By the linearity of expectations, we have

\mathbb{E}\left[\mathrm{tr}(\Delta_{\nu,\mathrm{I}_{d}}^{k})\right]=(2\nu)^{-k/2}\,\mathrm{tr}\left(\mathbb{E}[(\mathbb{Y}-\nu\,\mathrm{I}_{d})^{k}]\right),\quad\text{for any }k\in\mathbb{N}.

(98)

The conclusion follows. ∎

We can also estimate the moments of Lemma 1 on various events. The lemma below is used to estimate the $\asymp\nu^{-1/2}$ errors in (86) of the proof of Theorem 6.

Lemma 2.

Let $\nu>d-1$ and $\mathbb{S}\in\mathcal{S}_{++}^{\hskip 0.85358ptd}$ be given, and let $A\in\mathscr{B}(\mathbb{R}^{d})$ be a Borel set. If $\mathbb{X}\sim\mathrm{Wishart}_{d}(\nu,\mathbb{S})$ according to (3), then, for $\nu$ large enough,

	$\displaystyle\left\|\mathbb{E}\left[\mathrm{tr}(\Delta_{\nu,\mathbb{S}})\mathds{1}_{\{\boldsymbol{\lambda}(\Delta_{\nu,\mathbb{S}})\in A\}}\right]\right\|\leq d^{\hskip 0.85358pt3/2}\,\left(\mathbb{P}\left(\boldsymbol{\lambda}(\Delta_{\nu,\mathbb{S}})\in A^{c}\right)\right)^{1/2},$		(99)
	$\displaystyle\left\|\mathbb{E}\left[\mathrm{tr}(\Delta_{\nu,\mathbb{S}}^{3})\mathds{1}_{\{\boldsymbol{\lambda}(\Delta_{\nu,\mathbb{S}})\in A\}}\right]-\nu^{-1/2}\cdot\frac{d(d^{\hskip 0.85358pt2}+3\hskip 0.85358ptd+4)}{2\sqrt{2}}\right\|\leq 3\hskip 0.85358ptd^{\hskip 0.85358pt5/2}\,\left(\mathbb{P}\left(\boldsymbol{\lambda}(\Delta_{\nu,\mathbb{S}})\in A^{c}\right)\right)^{1/4},$		(100)
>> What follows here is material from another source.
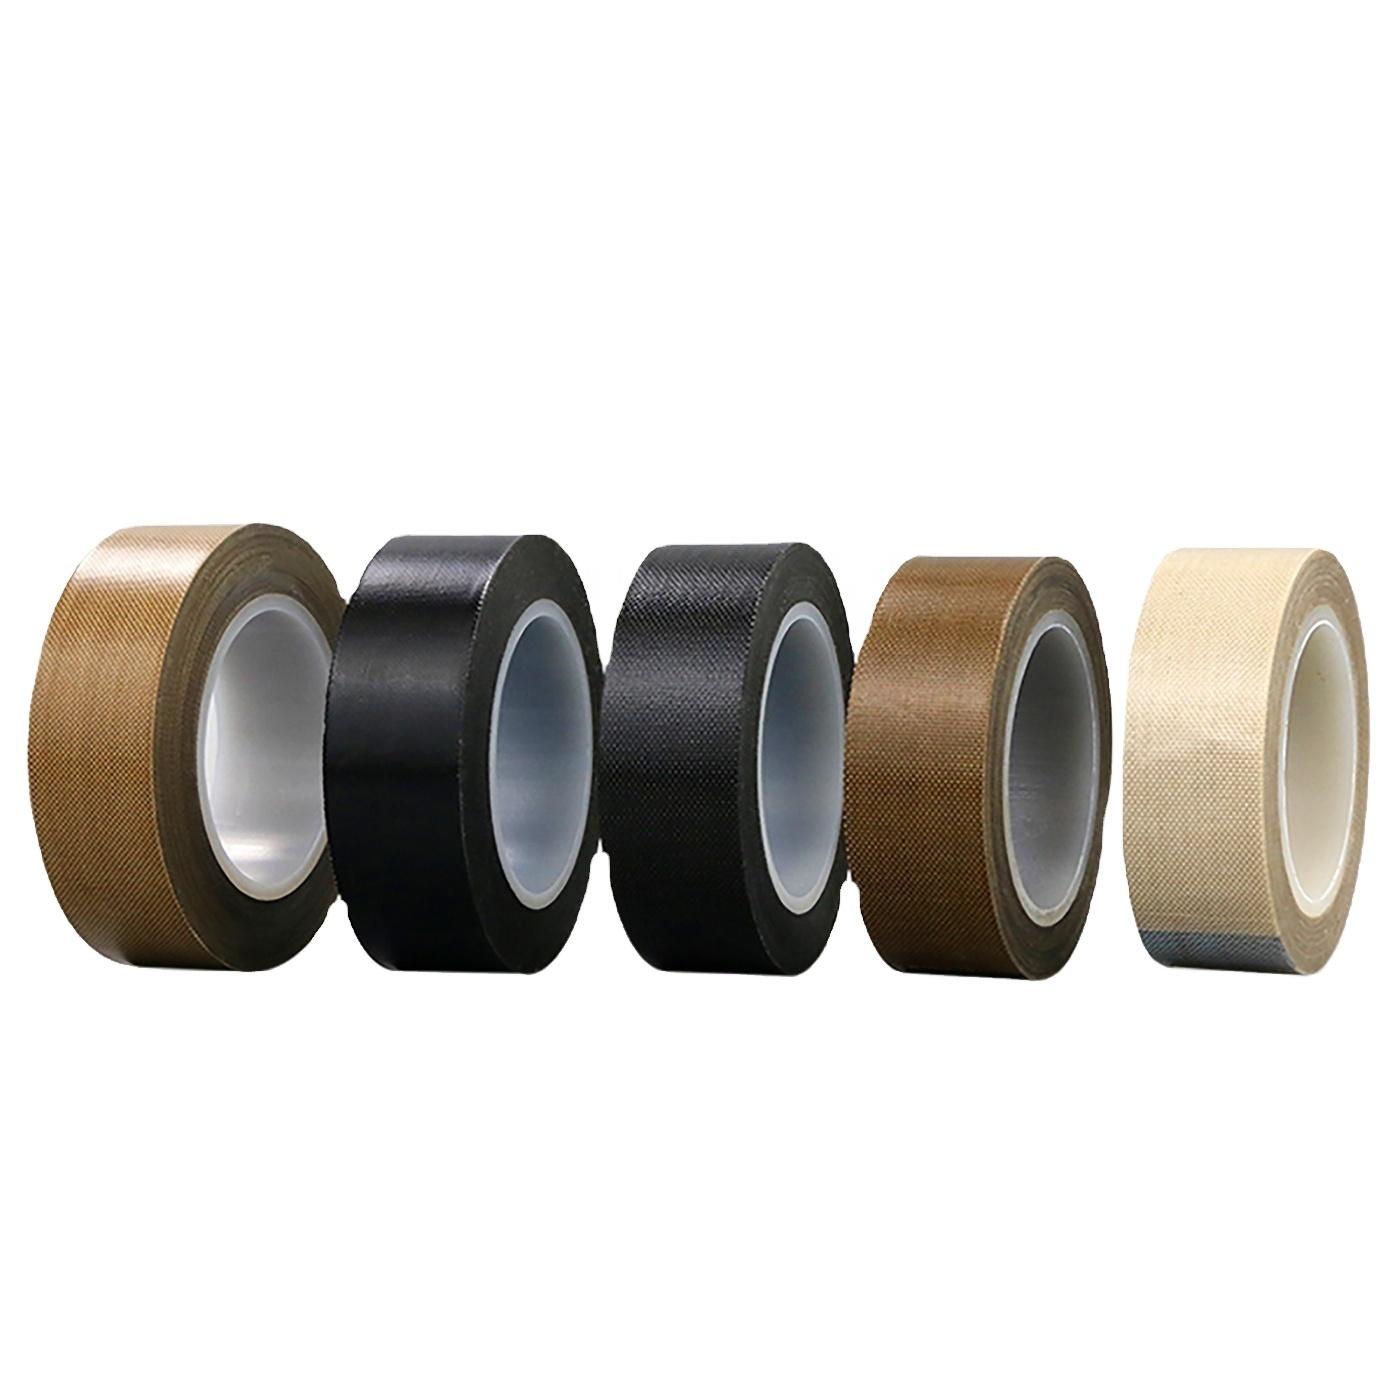 Sellado térmico, fabricación de bolsas, sellador al vacío antiadherente cinta adhesiva de PTFE de silicona de alta temperatura y resistencia al calor

where recall $\Delta_{\nu,\mathbb{S}}\vcentcolon=(\sqrt{2\nu}\,\mathbb{S})^{-1/2}(\mathbb{X}-\nu\hskip 0.85358pt\mathbb{S})(\sqrt{2\nu}\,\mathbb{S})^{-1/2}$ .

Proof of Lemma 2.

By Lemma 1, the Cauchy-Schwarz inequality, and Jensen’s inequality ( $(\mathrm{tr}(\Delta_{\nu,\mathbb{S}}))^{2}\leq d\cdot\mathrm{tr}(\Delta_{\nu,\mathbb{S}}^{2})$ ), we have

	$\displaystyle\left\|\mathbb{E}\left[\mathrm{tr}(\Delta_{\nu,\mathbb{S}})\mathds{1}_{\{\boldsymbol{\lambda}(\Delta_{\nu,\mathbb{S}})\in A\}}\right]\right\|$	$\displaystyle=\left\|\mathbb{E}\left[\mathrm{tr}(\Delta_{\nu,\mathbb{S}})\mathds{1}_{\{\boldsymbol{\lambda}(\Delta_{\nu,\mathbb{S}})\in A^{c}\}}\right]\right\|\leq\left(\mathbb{E}\left[(\mathrm{tr}(\Delta_{\nu,\mathbb{S}}))^{2}\right]\right)^{1/2}\left(\mathbb{P}\left(\boldsymbol{\lambda}(\Delta_{\nu,\mathbb{S}})\in A^{c}\right)\right)^{1/2}$		(101)
		$\displaystyle\leq\left(d\cdot\mathbb{E}\left[\mathrm{tr}(\Delta_{\nu,\mathbb{S}}^{2})\right]\right)^{1/2}\left(\mathbb{P}\left(\boldsymbol{\lambda}(\Delta_{\nu,\mathbb{S}})\in A^{c}\right)\right)^{1/2}\leq d^{\hskip 0.85358pt3/2}\,\left(\mathbb{P}\left(\boldsymbol{\lambda}(\Delta_{\nu,\mathbb{S}})\in A^{c}\right)\right)^{1/2},$		(101)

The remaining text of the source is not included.